Uncomfortable Beauty

When someone strips a man of his clothes, we call him a thief. And one who might clothe the naked and does not – should not he be given the same name? The bread in your cupboard belongs to the hungry; the coat in your wardrobe belongs to the naked; the shoes you let rot belong to the barefoot; the money in your vaults belongs to the destitute.

-Basil the Great

Remember, it is sin to know what you ought to do and then not do it.

-James 4:17

Recently I have been challenged to look at my life, at what I have not as my own, not as my right or entitlement. It was only by chance that I was born into an American family, have freedom and opportunity, can get a job, have a nice house, have food on the table at every meal, take vacations, buy a new car, change jobs and houses and cars, have hobbies like skiing climbing and jewelry making… I did not merit this blessing, but because of it I have a responsibility to give out of my abundance. Recently God has rend my heart, turned me upside-down, broken me and put me back together, and broken me again, shaken up everything I thought I knew, and challenged me to step into an uncomfortable beauty.

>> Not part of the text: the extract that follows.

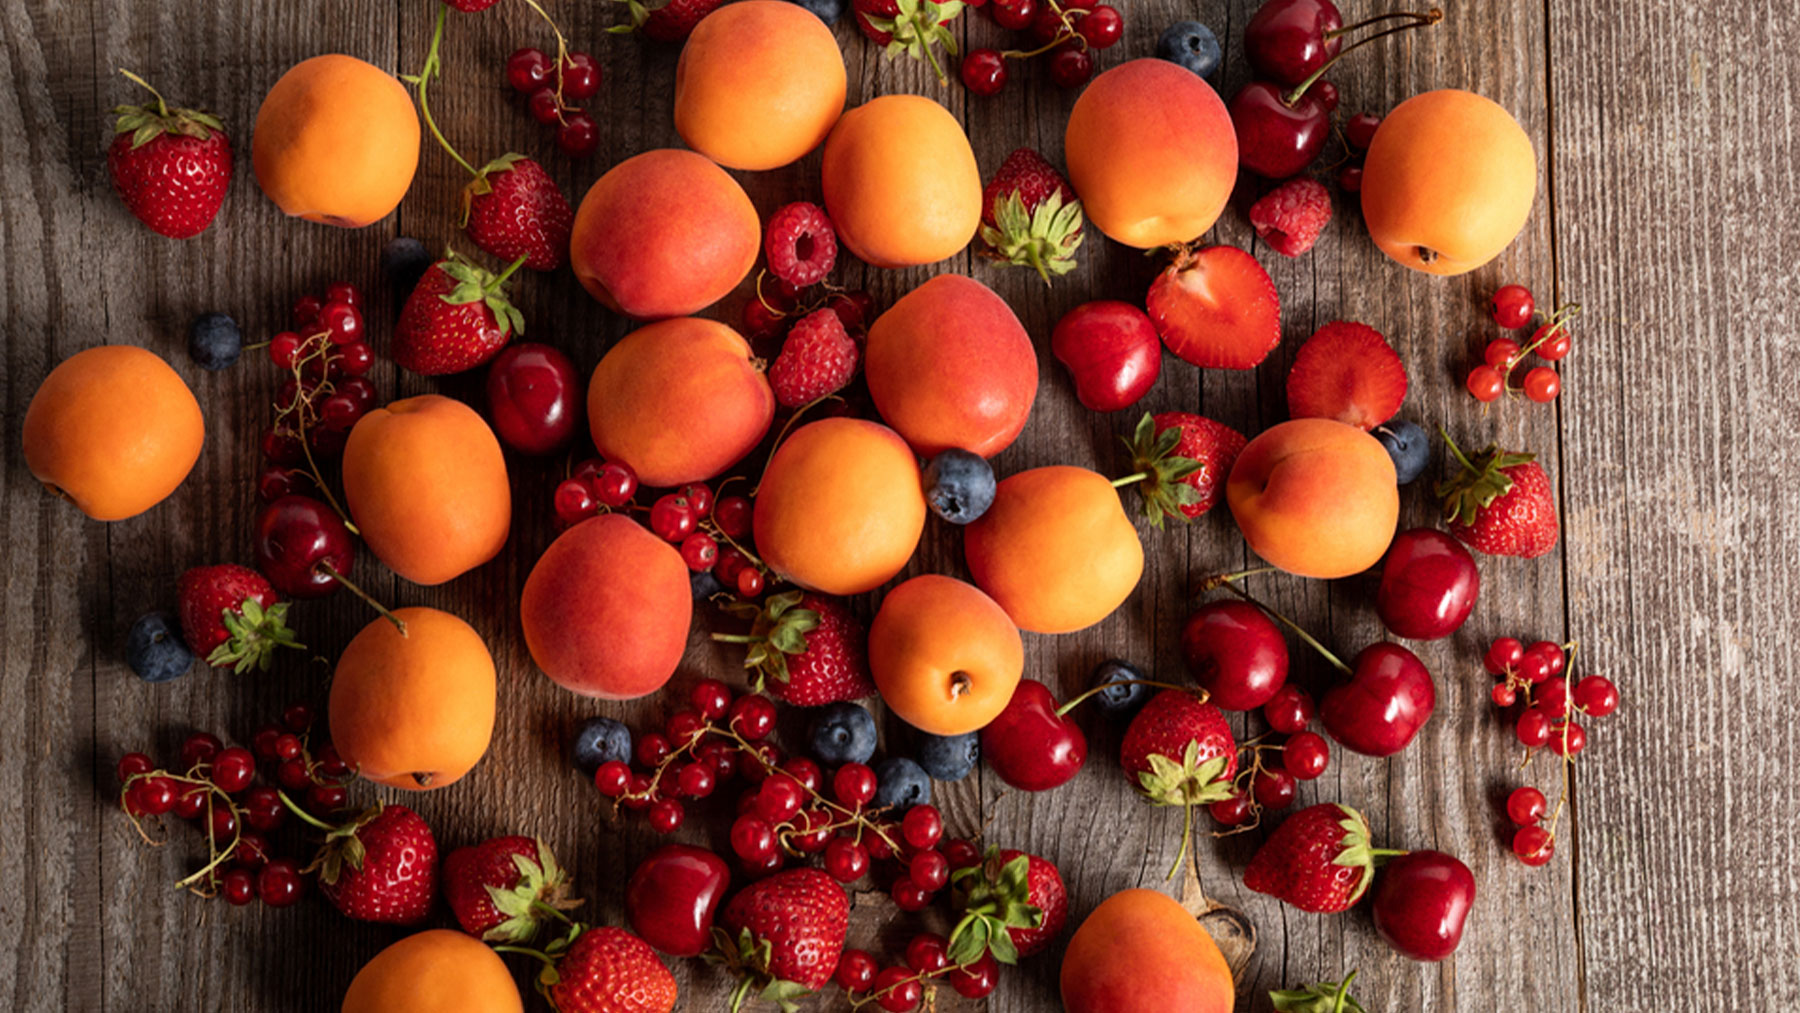 Albaricoques, fresas y cerezas se encuentra ahora en su mejor momento de consumo.

The early Christians said that if a child starves while a Christian has extra food than the Christian is guilty of murder.

-Irresistible Revolution 

How do we live truly transformed lives? We have to seek out the poor and destitute, we cannot remain in our insulated lives where the poor are nowhere around us. We have become such a sterilized society, scrubbed clean of all of our poor and unseemly; we look around and see everyone smiling, looking just like us. We have removed the gnawing reminders of the destitute poverty that most of the world is drowning in every day. We have stuffed our untouchables into the dark cold gutters and walked back out into the sunshine, proud of how we have squelched the problem. These are our brothers, our sisters, our family who are hurting, and we have the resources to help them. We are called to go out to those in need and to love them with the love of Jesus, who ate with tax collectors, befriended the prostitutes, and embraced the leper. But instead of going out, taking steps into this broken and scary world we don’t understand, we throw our money at institutions who are, in our place, being the hands and feet of Jesus, the active, grimy, heartbreaking love that cares for and embraces the untouchables. We toss our money and then go about our lives, living in so much excess that it rots around us while our brothers and sisters are alone, hungry, cold and dying. Where is the church, the body of Christ who is called to be the hope of this broken world?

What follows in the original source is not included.